Some people have a bucket list of things they want to do before they die, but if you suddenly become too ill to complete it, this could make you feel worse. Instead, you might want to create something enduring for your loved ones (perhaps in the form of a ‘memory box’ of photos and your favourite things, letters to be opened on future birthdays, or a book or blog). You may have a project you want to finish – or hand on – before you die.

You should almost certainly make a will, sort out your financial affairs and pull together documents your partner or family will need after your death (such as passwords to any accounts you’d like them to be able to access, and your life insurance details, if relevant). If you have young children or pets, you should think about making plans for how they will be looked after when you die. You may wish to give your partner Lasting Power of Attorney especially if there is a possibility that you may lose your ability to make your own decisions. An advance directive (‘living will’) is also a good idea. Macmillan call this an Advance Decision to Refuse Treatment and cover it in the ‘Sorting Things Out’ section on their website (www.macmillan.org.uk). You may also want to think about your funeral. This is never going to be easy, but you might want to talk about this with your loved ones so they know what you would like when the inevitable happens. Do you have a favourite song that you want to be played, or want everyone to wear your favourite colour? Instead of people sending flowers, you may want to ask them to donate to a cause close to your heart.

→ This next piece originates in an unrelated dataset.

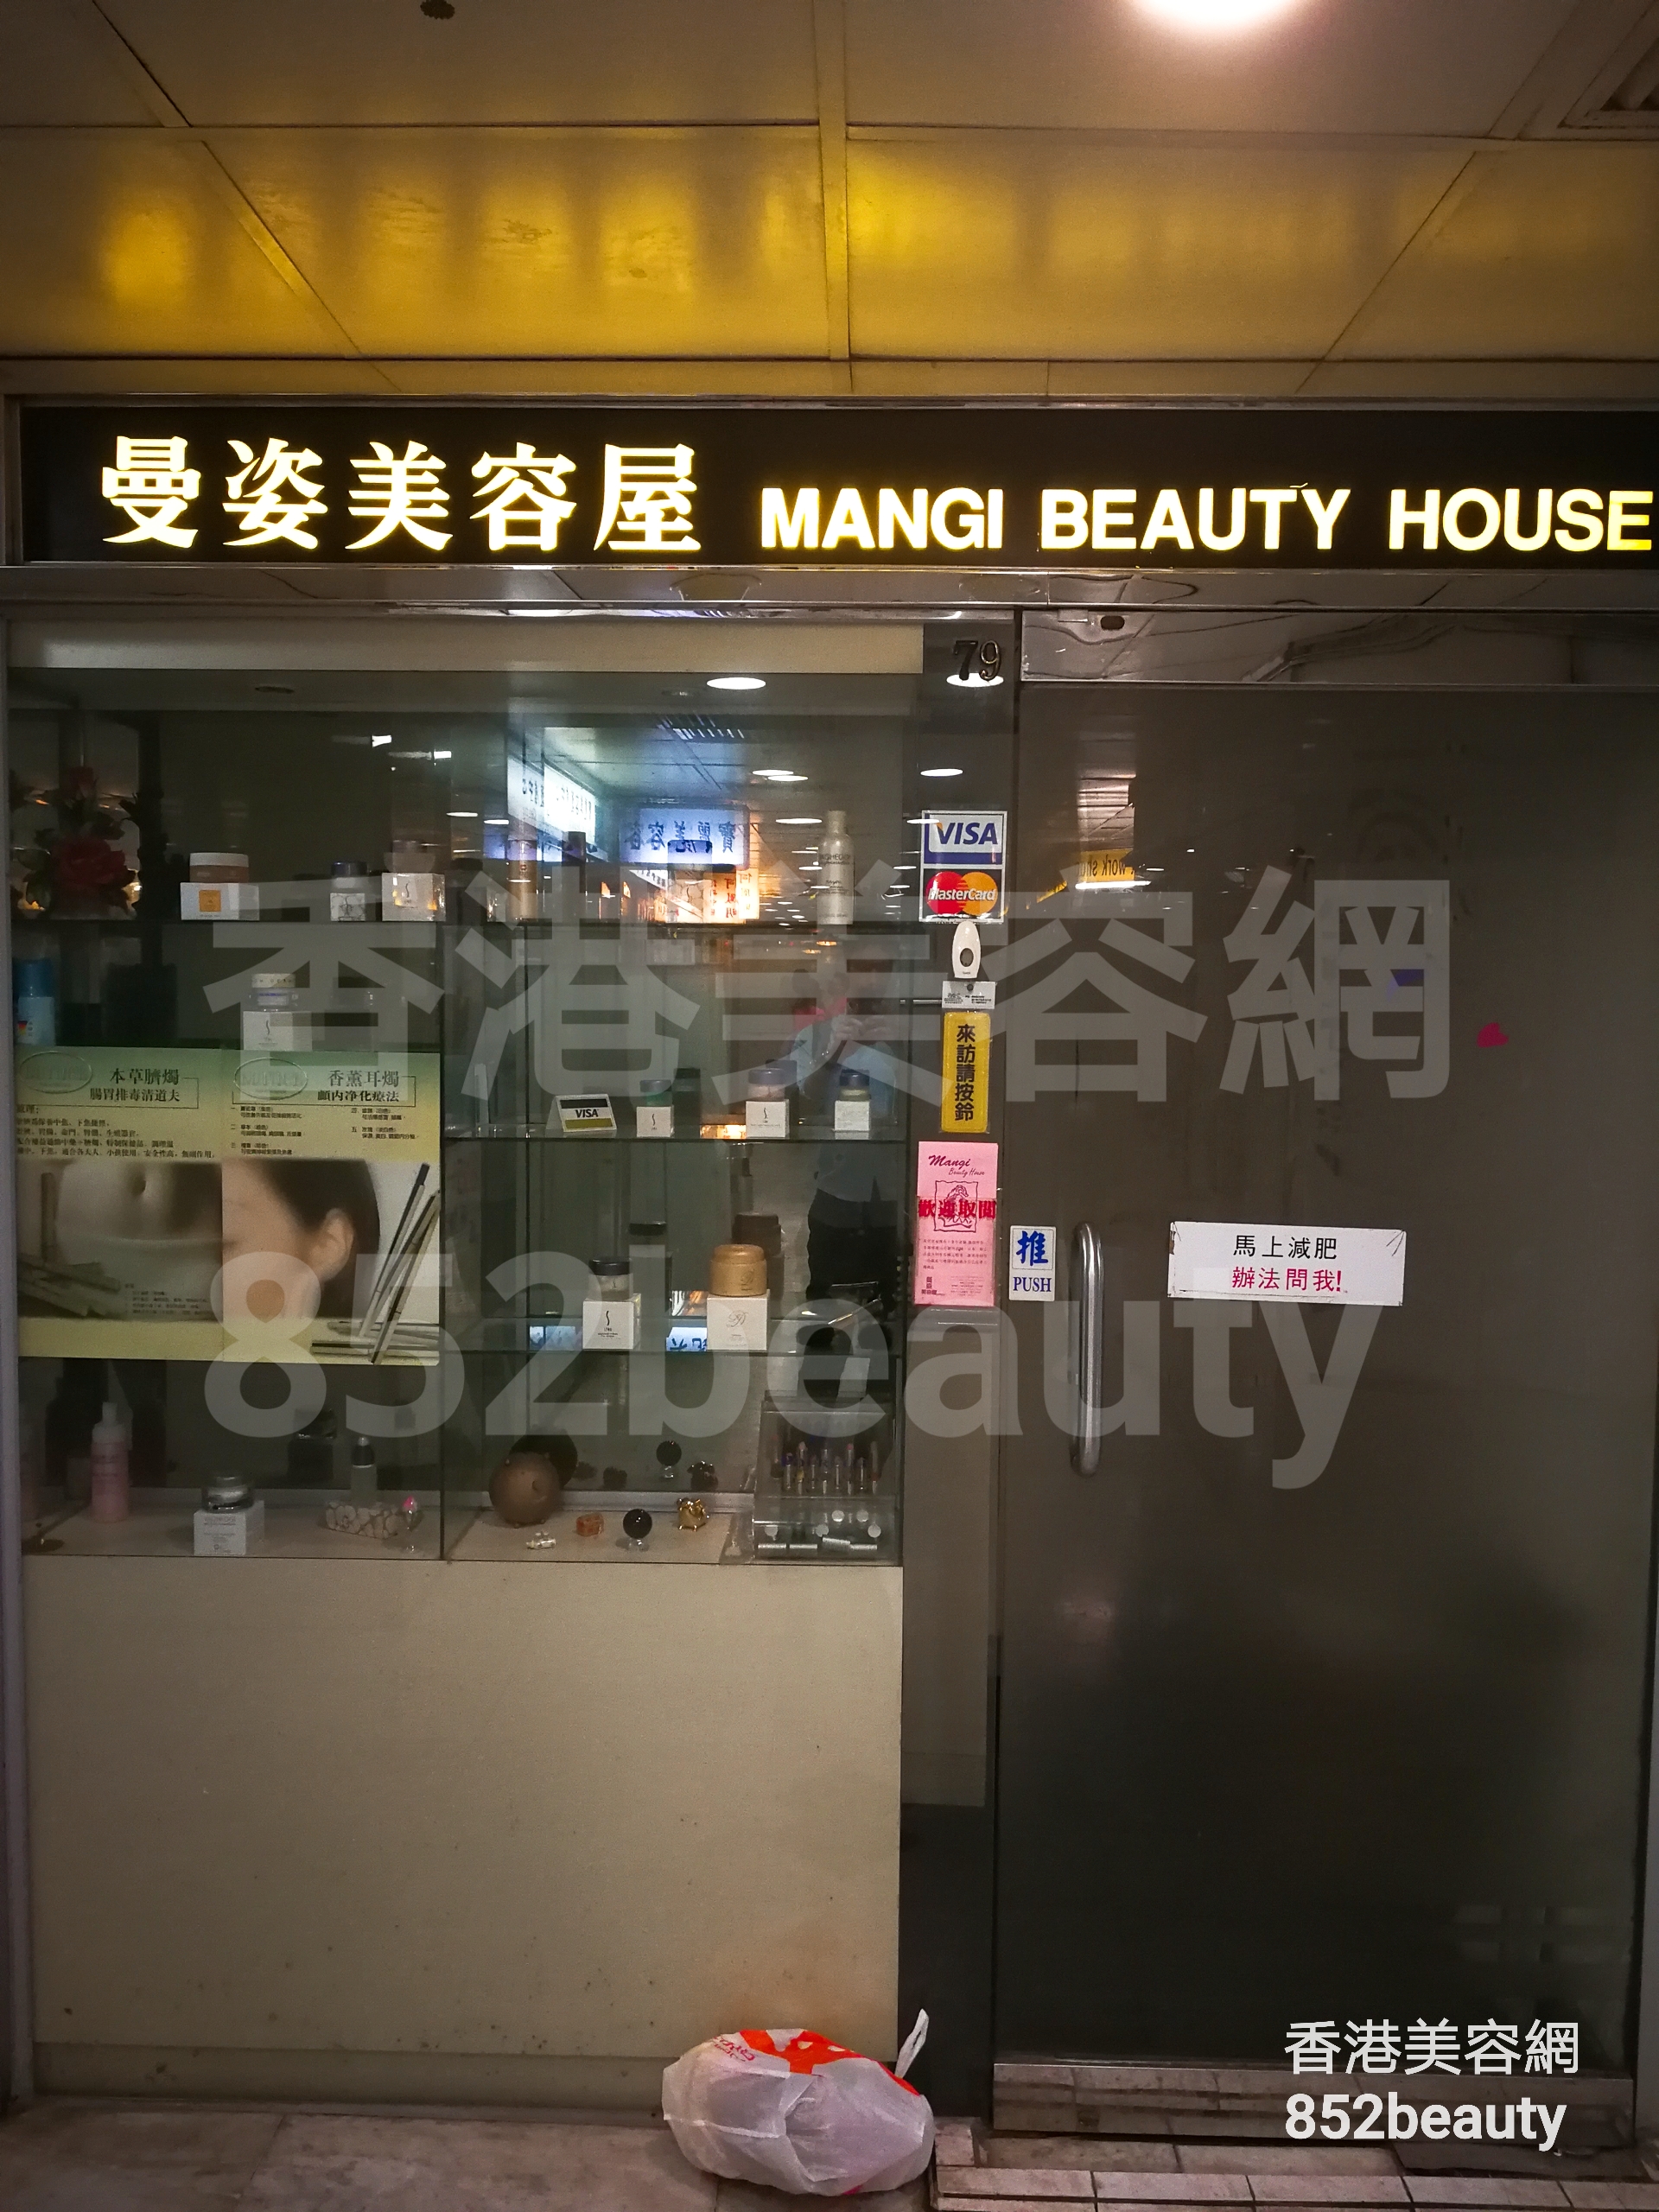 面部护理: Mangi Beauty House

Death and dying remains a taboo subject in our society. The excellent charity Dying Matters (www.dyingmatters.org) offers more information for the dying and their loved ones, and also campaigns for more openness about death and dying. Another excellent website is Compassion in Dying (https://compassionindying.org.uk).

Coping with a diagnosis of secondary breast cancer must be incredibly difficult, and neither of us can imagine what you are going through. We do want you to know that you don’t need to stay positive all the time, and that it is okay to swear and shout and cry if it helps. Although your diagnosis may seem like a death sentence at the time, there are many women who still live a fulfilling and active life in between their regular treatments, and outlive their predicted survival. There is also a large online community of women who are constantly pushing for more research into metastatic cancer, and we live in hope that one day a drug will be developed that will cure breast cancer.